0
votes

I have an Azure Data Factory with a pipeline that I'm using to pick up data from an on-premise database and copy to CosmosDB in the cloud. I'm using a data flow step at the end to delete documents that don't exist in the source from the sink.

I have 3 integration runtimes set up:

  • AutoResolveIntegrationRuntime (default set up by Azure)
  • Self hosted integration runtime (I set this up to connect to the on-premise database so it's used by the source dataset)

enter image description here

  • Data flow integration runtime (I set this up to be used by the data flow step with a TTL setting)

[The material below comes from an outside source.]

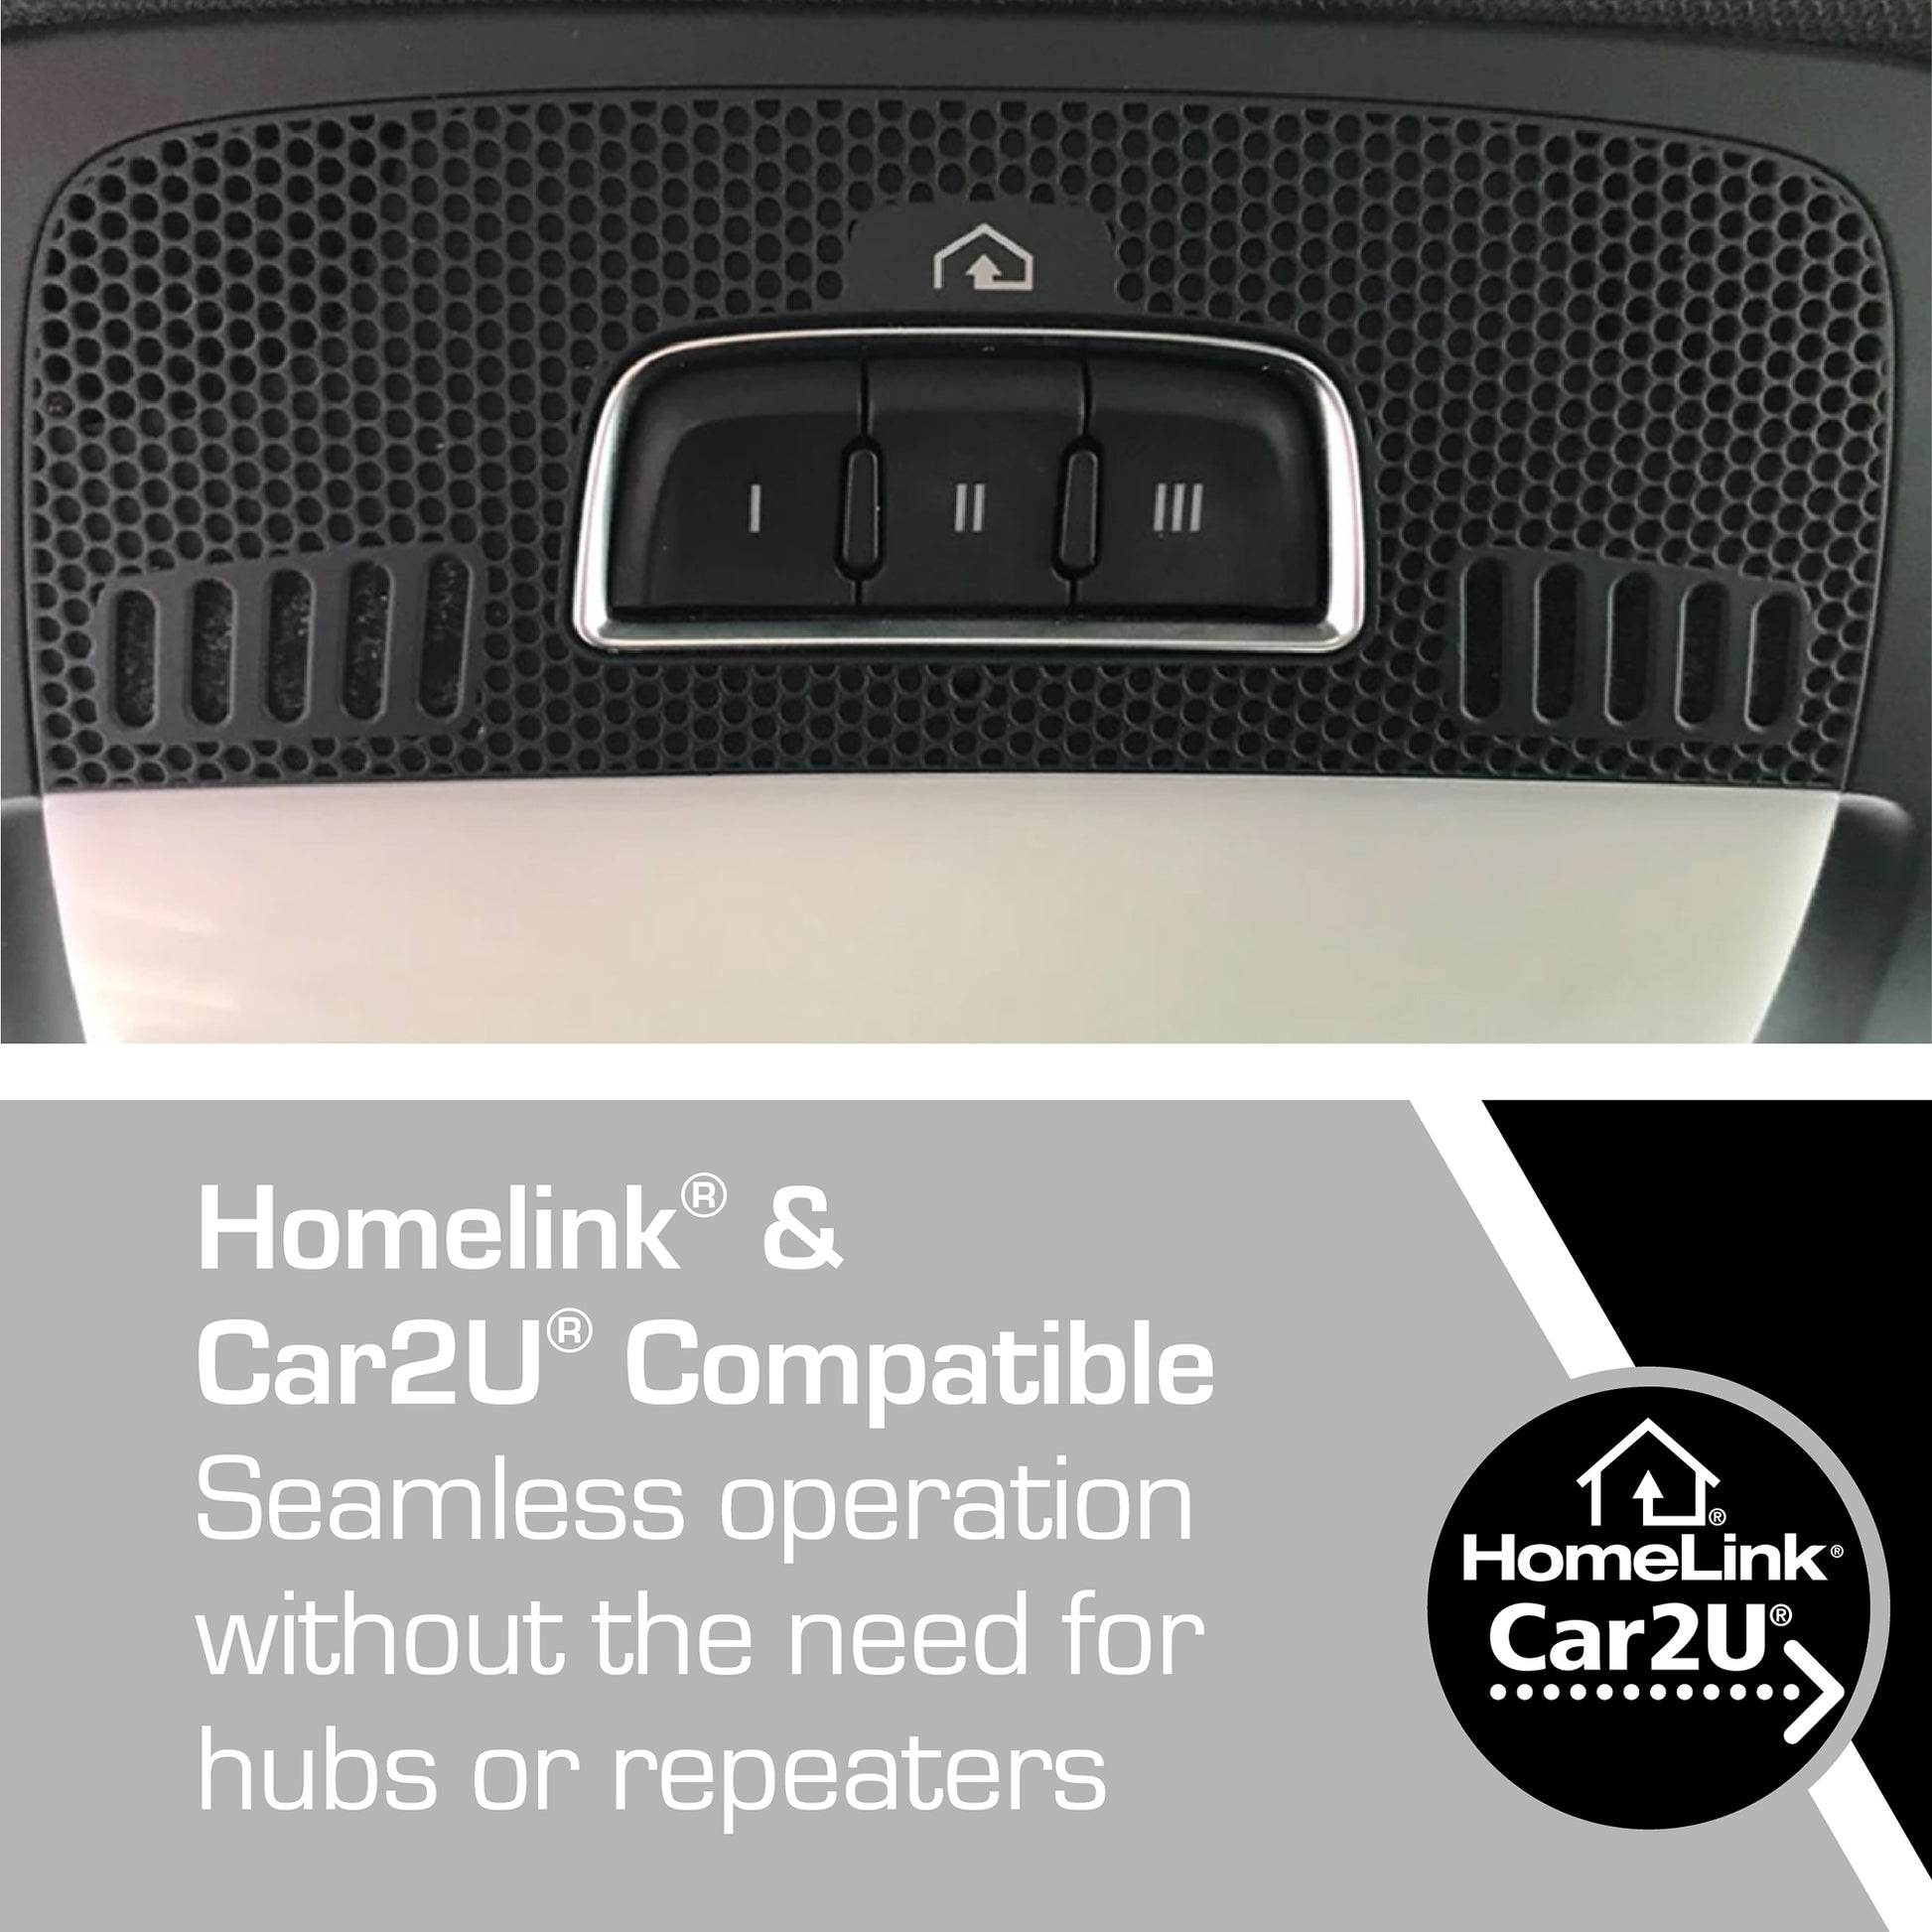 This garage door opener is compatible with Homelink and Car2U

enter image description here

The issue I'm seeing is when I trigger the pipeline the AutoResolveIntegrationRuntime is the one being used so I'm not getting the optimisation that I need from the Data flow integration runtime with the TTL. Any thoughts on what might be going wrong here?

1
Hi @HEIdursi, If my answer is helpful for you, hope you can accept it as answer( click on the check mark beside the answer to toggle it from greyed out to filled in.). This can be beneficial to other community members. Thank you.Leon Yue

1 Answers

0
votes

Per my experience, only the AutoResolveIntegrationRuntime (default set up by Azure) supports the optimization: enter image description here

When we choose the data flow run on non-default integration, there isn't the optimization: enter image description here

And once the integration runtime created, we also couldn't change the settings: enter image description here

Data Factory documents didn't talk more about this. When I run the pipeline, I found that the dataflowruntime won't work: enter image description here

That means that no matter which integration runtime you used to connect to the dataset, data low will always use the Azure Default integration runtime.